> _WORK INSTRUCTION_
Since the records include pictures, leave those out while you reproduce exactly and only the lines from the one containing "OTTIGNIES-LOUVAIN-LA-NEUVE BELGIUM Vibrant" through the one containing "Aluminum Frame 12″", inclusive.

> _SOURCE MATERIAL_
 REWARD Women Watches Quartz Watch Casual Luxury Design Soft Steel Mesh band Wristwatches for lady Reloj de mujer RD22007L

...

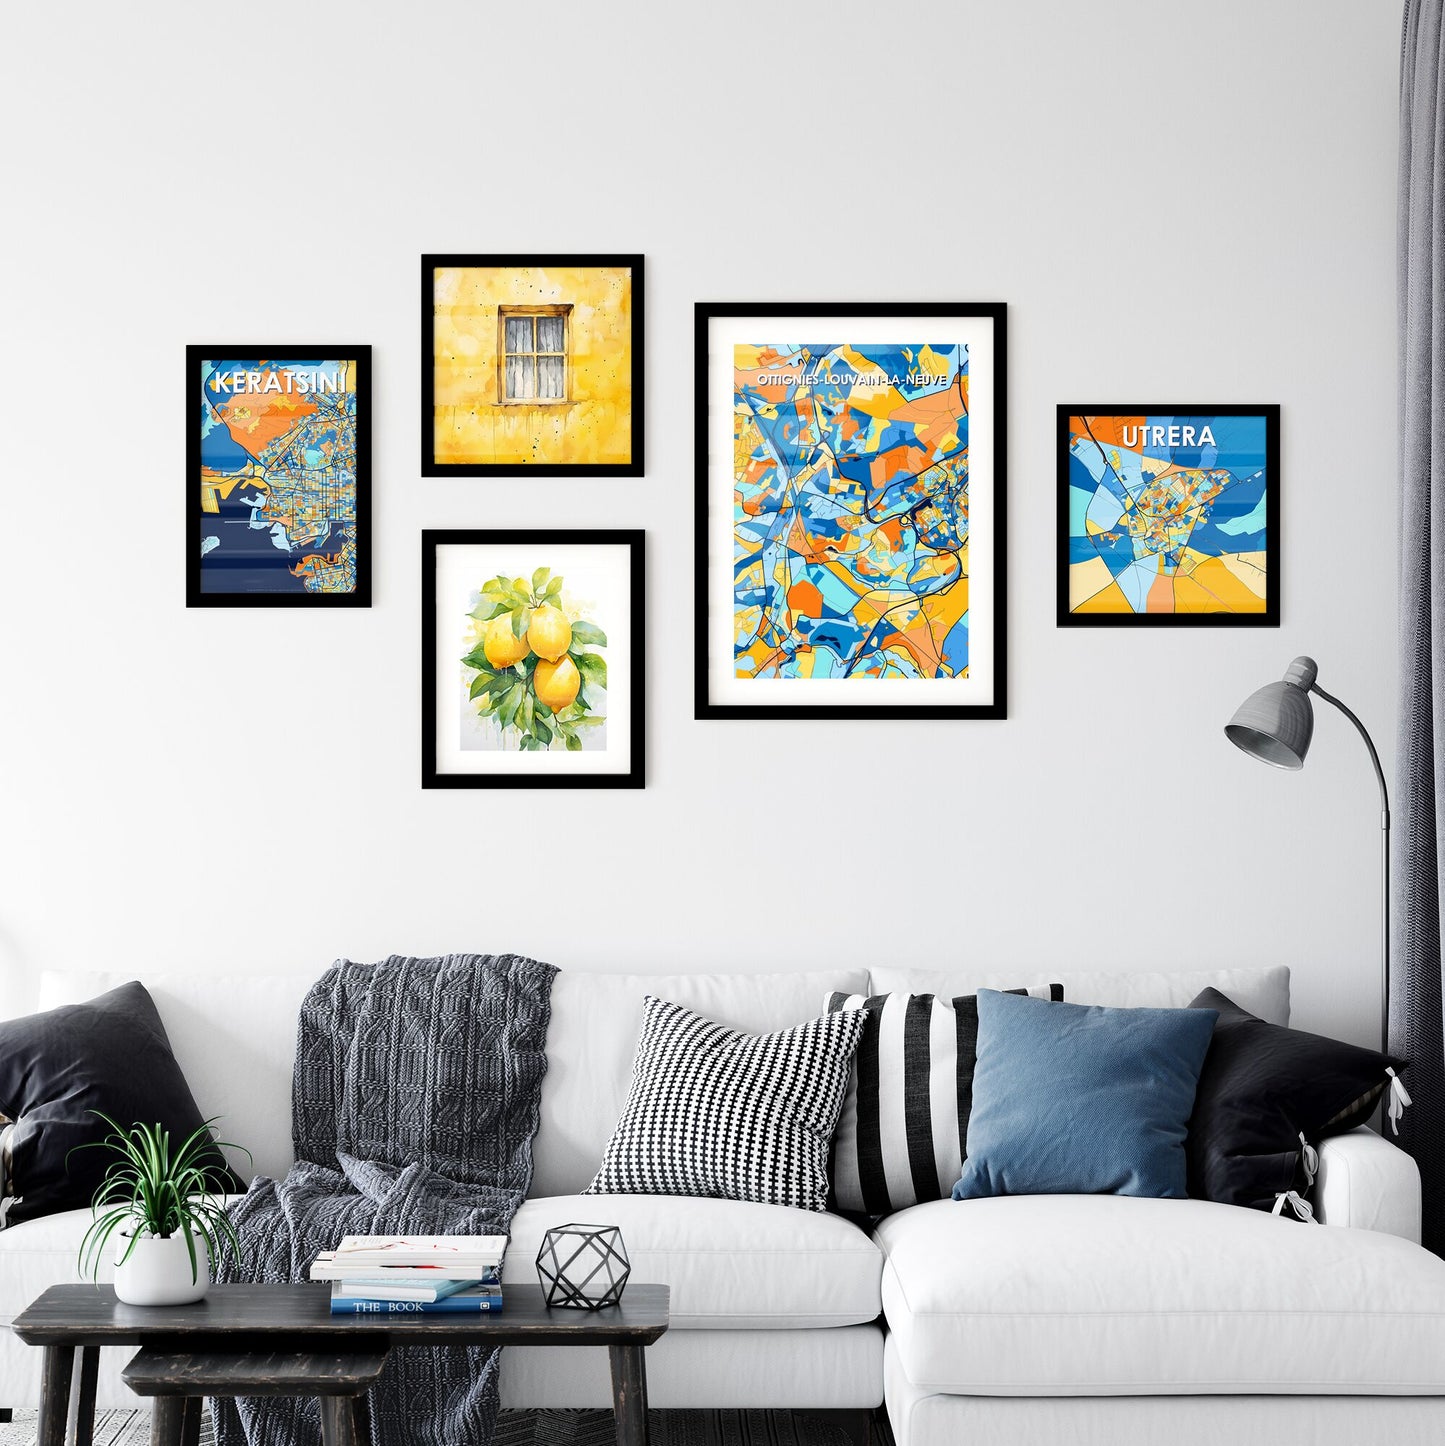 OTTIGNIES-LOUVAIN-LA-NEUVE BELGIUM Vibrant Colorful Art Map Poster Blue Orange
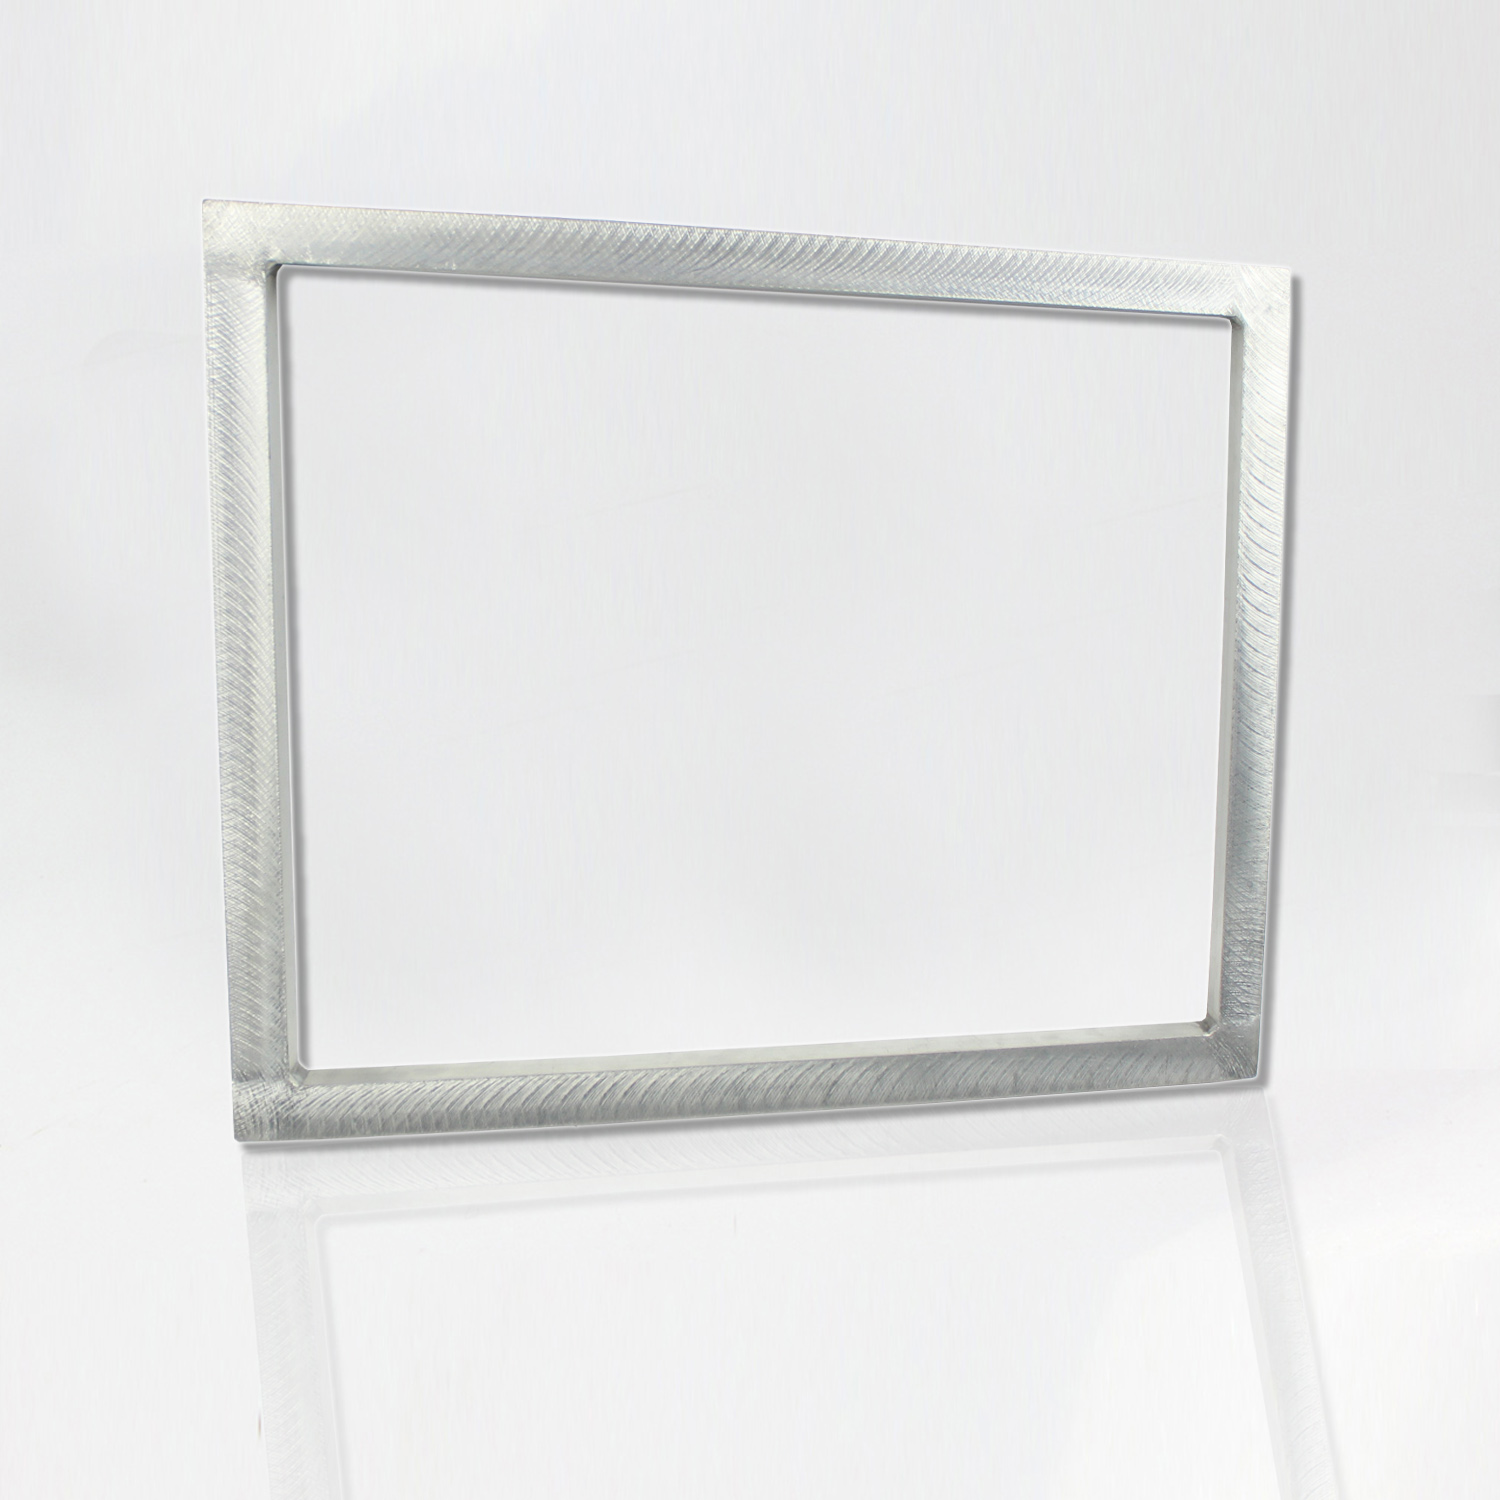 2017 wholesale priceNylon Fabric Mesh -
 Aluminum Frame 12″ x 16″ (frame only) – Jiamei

> _WRITTEN RESPONSE_
 OTTIGNIES-LOUVAIN-LA-NEUVE BELGIUM Vibrant Colorful Art Map Poster Blue Orange
 2017 wholesale priceNylon Fabric Mesh -
 Aluminum Frame 12″ x 16″ (frame only) – Jiamei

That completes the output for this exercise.